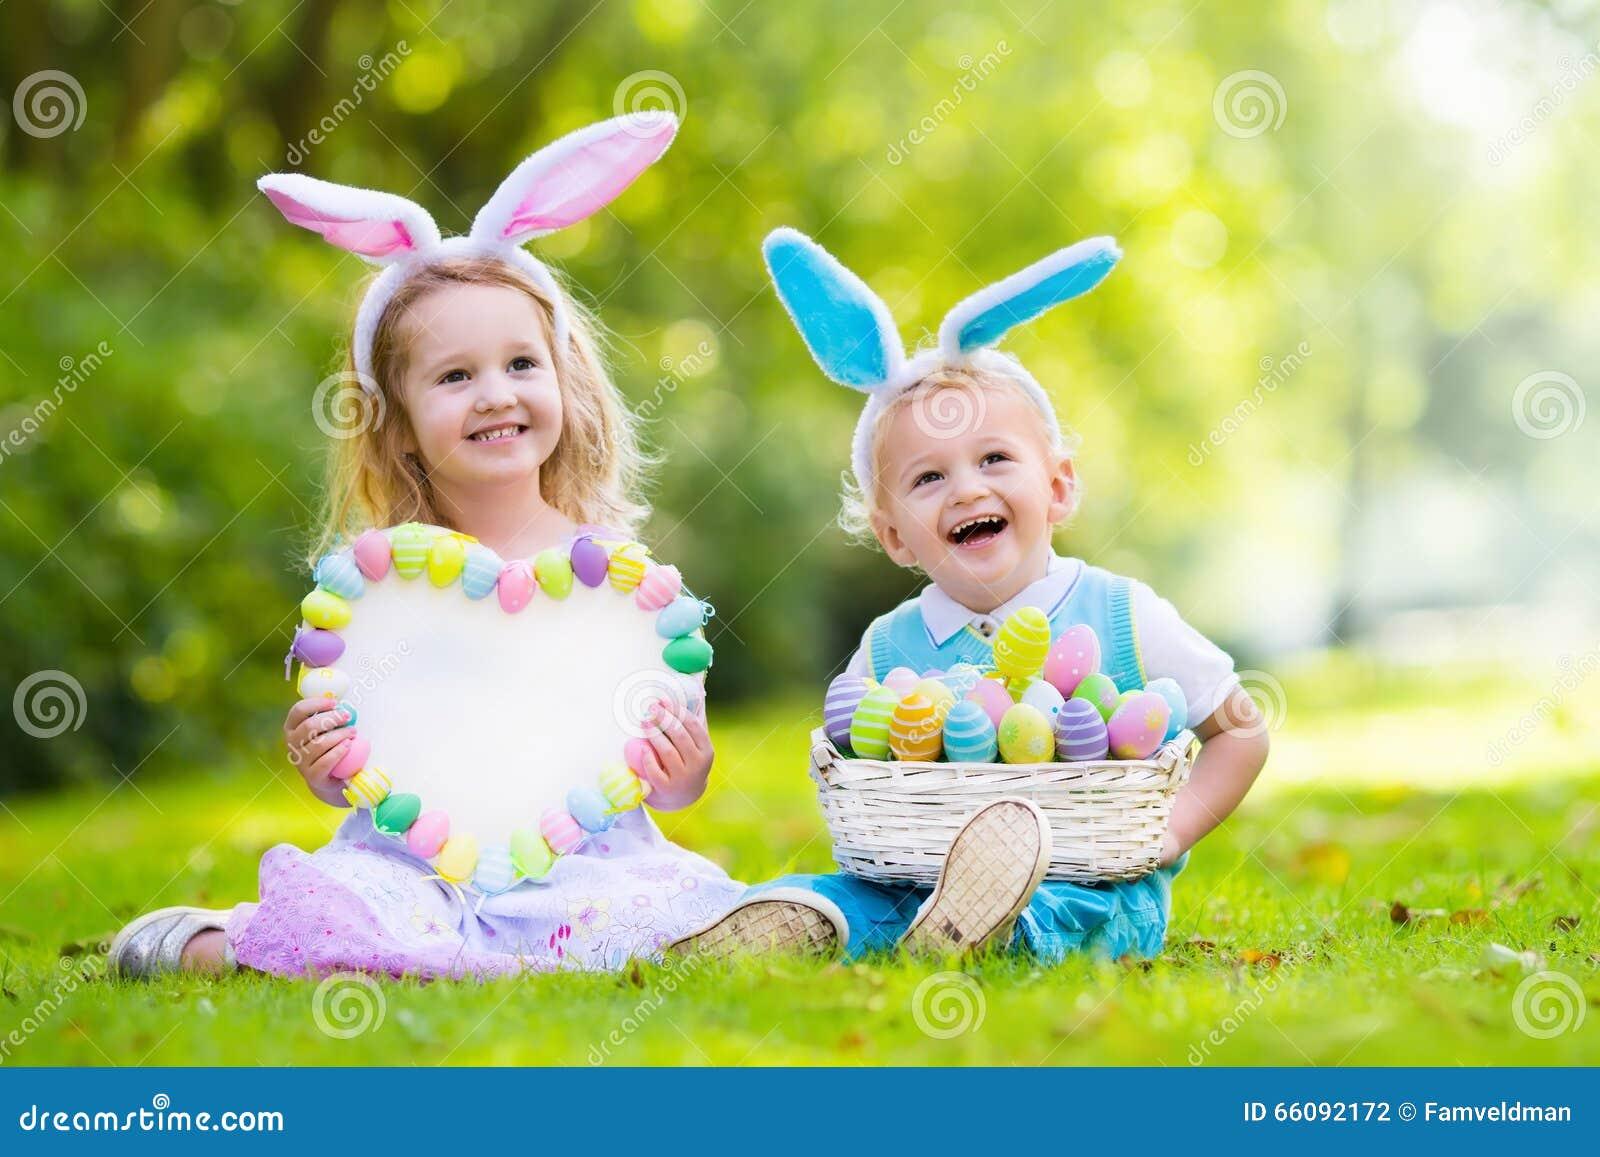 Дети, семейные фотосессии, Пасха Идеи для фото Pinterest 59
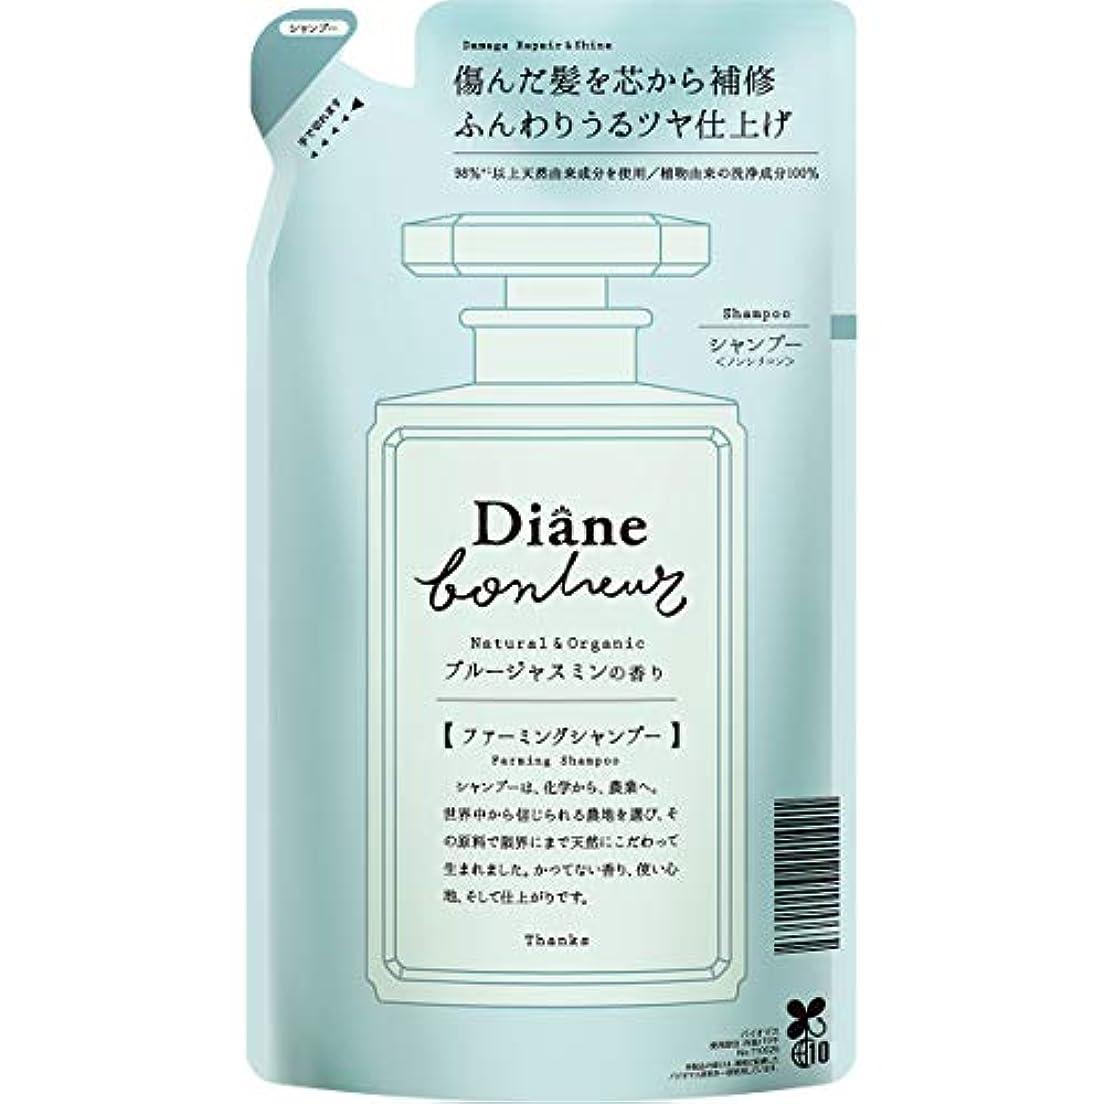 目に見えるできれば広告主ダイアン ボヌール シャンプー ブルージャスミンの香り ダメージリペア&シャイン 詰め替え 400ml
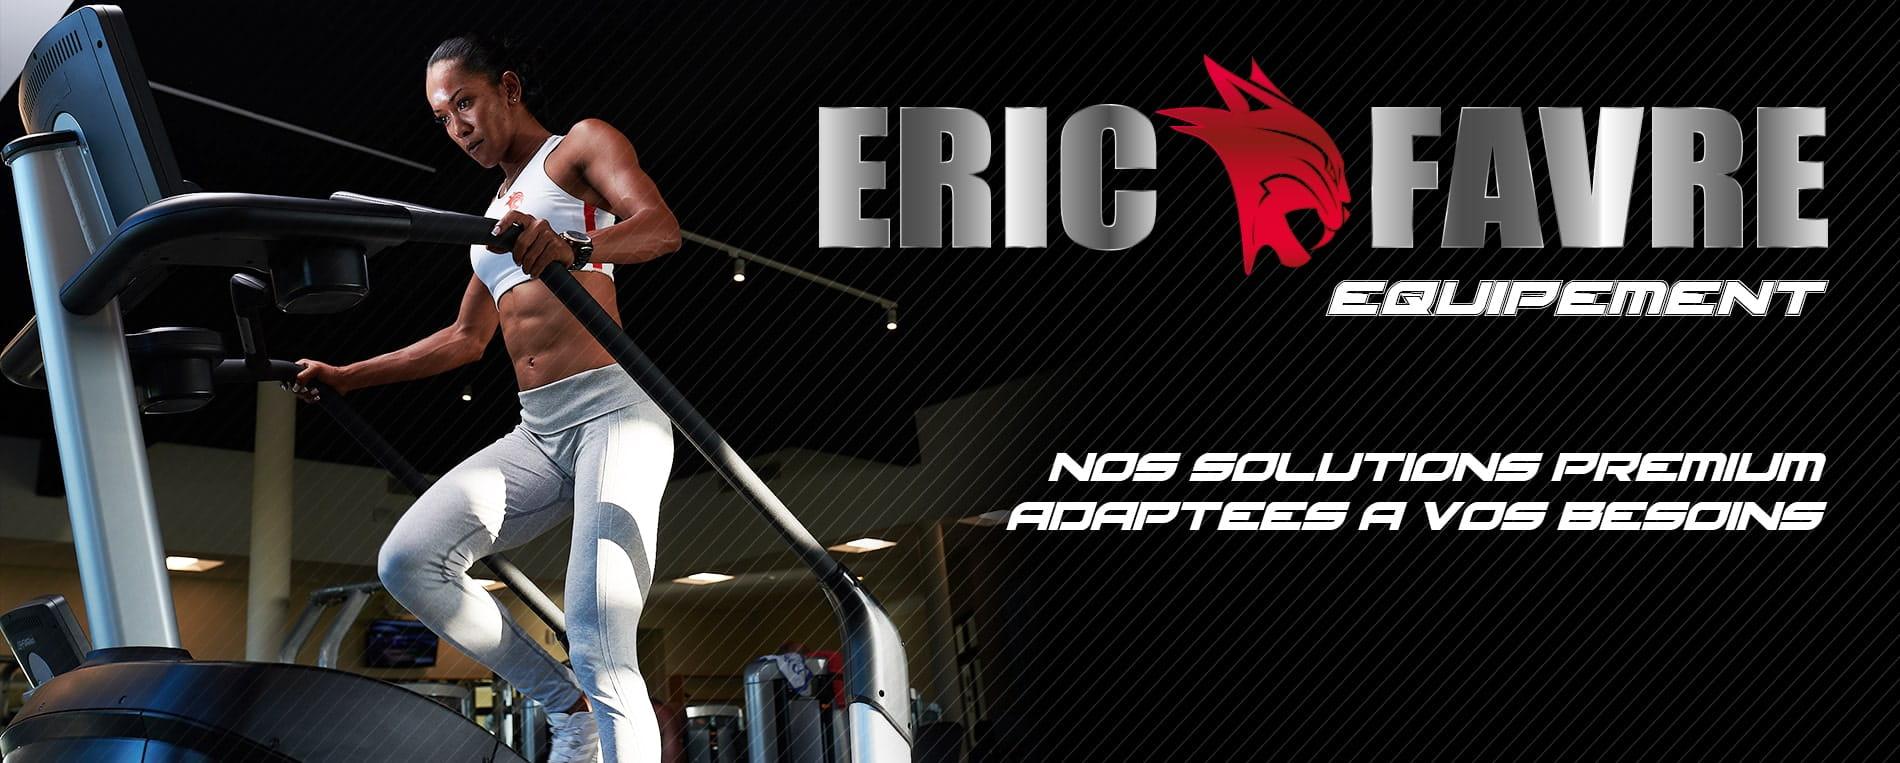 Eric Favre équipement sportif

++++++

(Exercise requirements): The data above must be reproduced exactly, without any of its pictures.

(Answer for this exercise):
 Дети, семейные фотосессии, Пасха Идеи для фото Pinterest 59
 目に見えるできれば広告主ダイアン ボヌール シャンプー ブルージャスミンの香り ダメージリペア&シャイン 詰め替え 400ml
 Eric Favre équipement sportif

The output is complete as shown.